No pictures belong in the copy. Restate the rest of the data exactly.

# [Data excerpt]
:::::

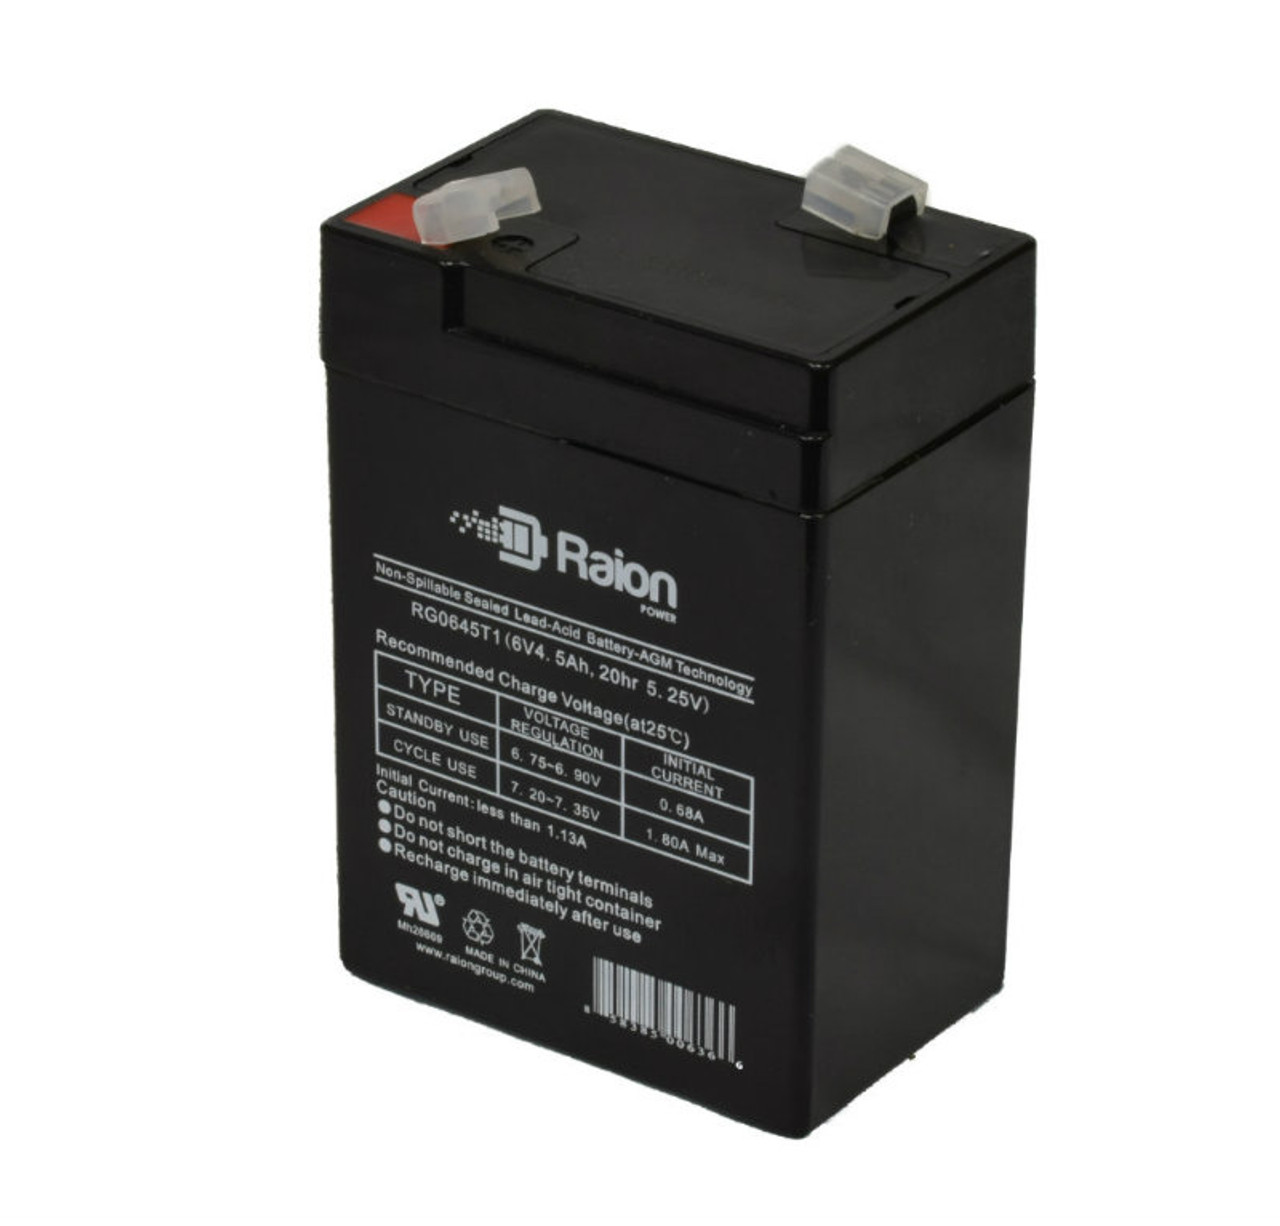 Raion Power RG0645T1 6V 4.5Ah Replacement Battery Cartridge for Sonnenschein DM1
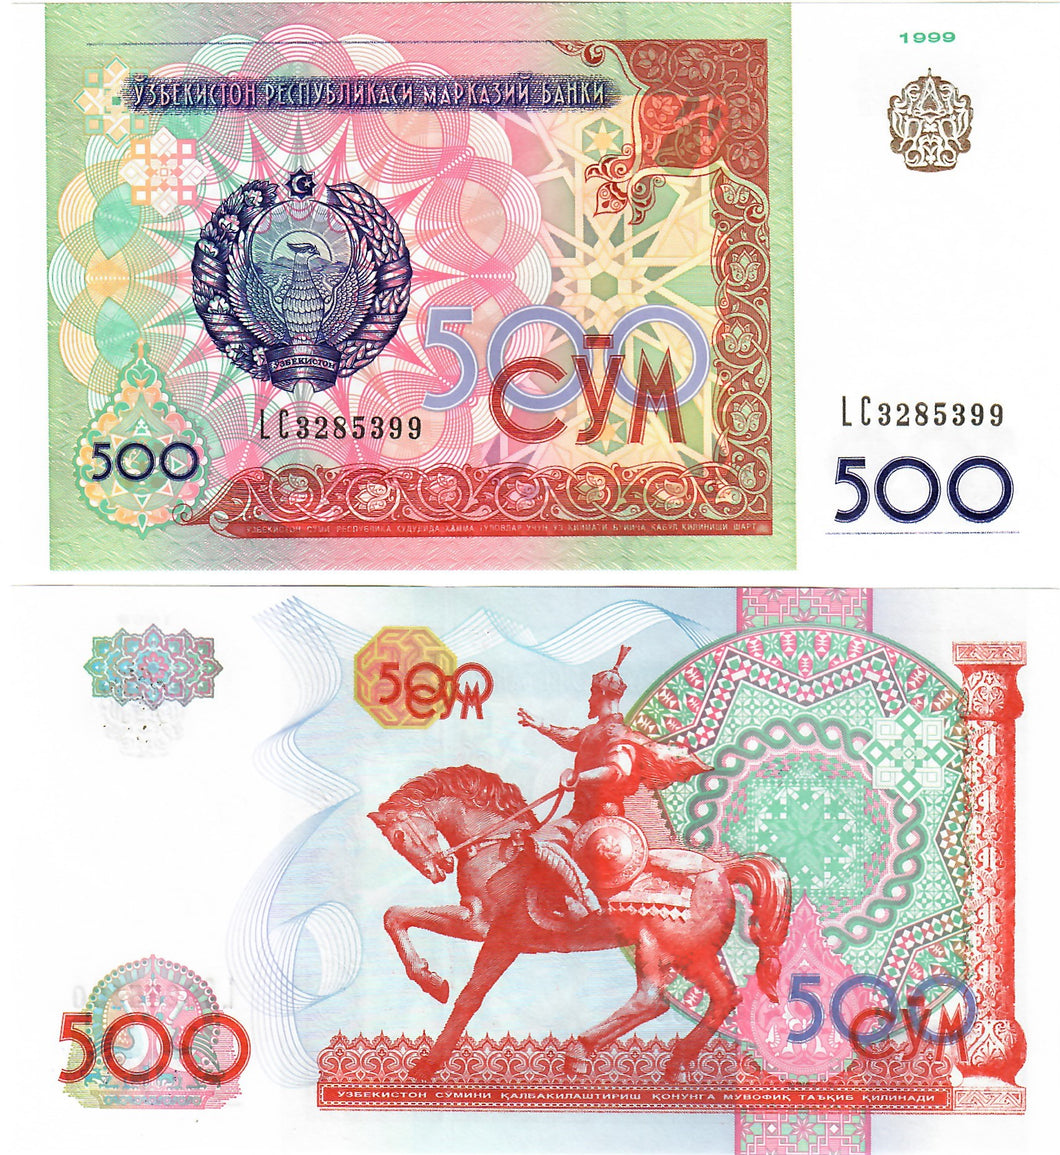 Uzbekistan 500 Som 1999 UNC
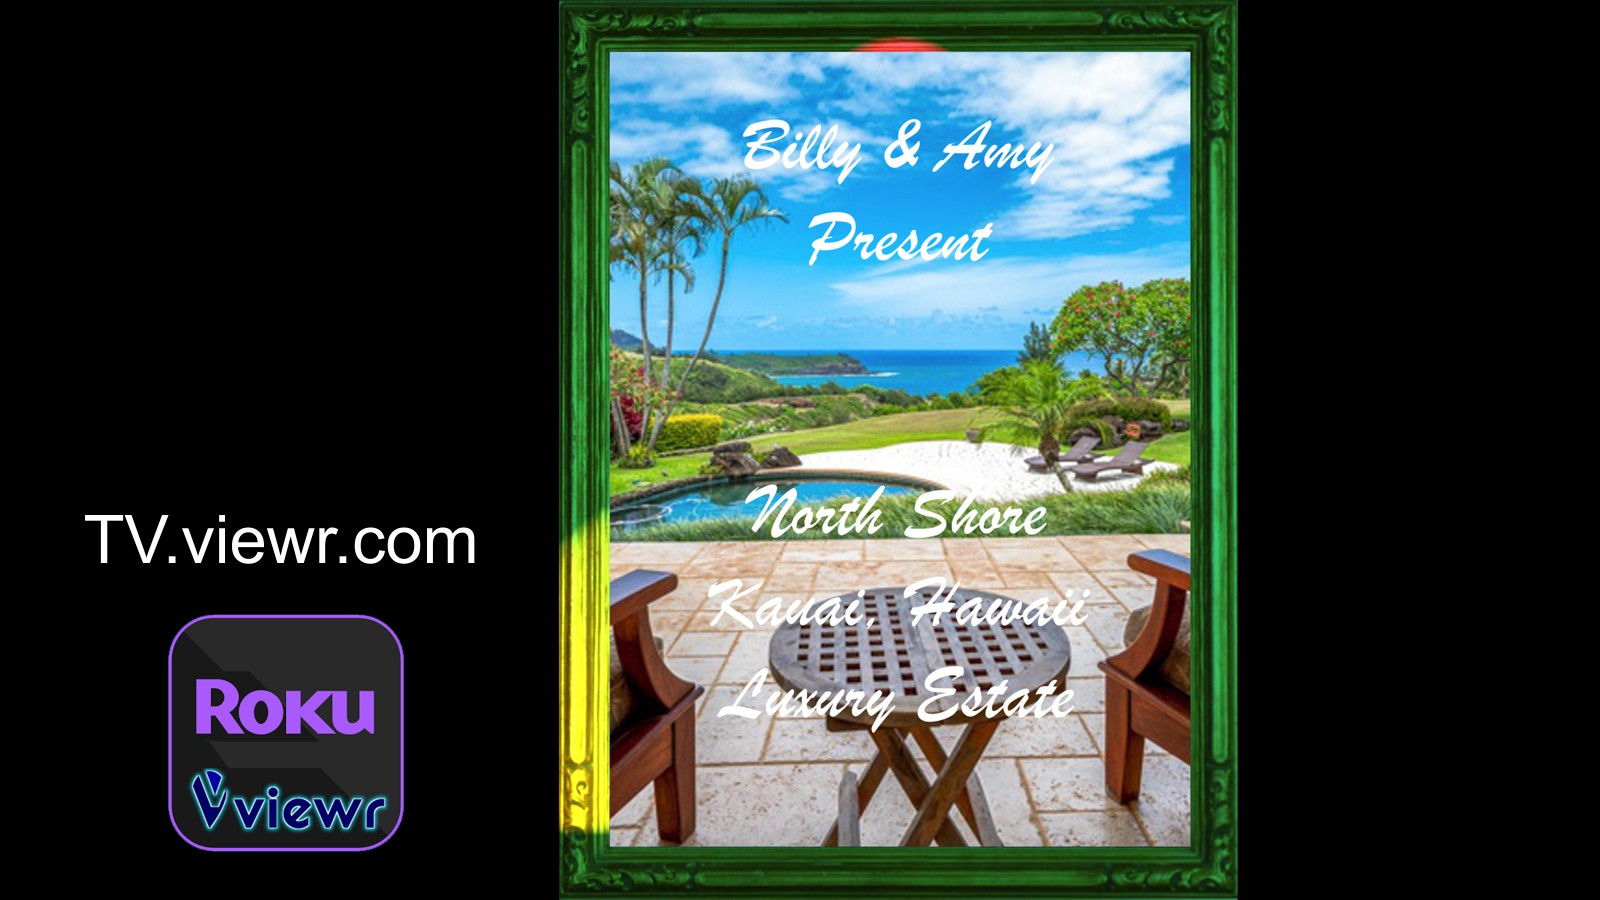 Billy and Amy Present North Shore Kauai Hawaii Luxury Estate viewr TV Slide

:::::

# [Response to the exercise]
 Raion Power RG0645T1 6V 4.5Ah Replacement Battery Cartridge for Sonnenschein DM1
 Uzbekistan 500 Som 1999 UNC
 Billy and Amy Present North Shore Kauai Hawaii Luxury Estate viewr TV Slide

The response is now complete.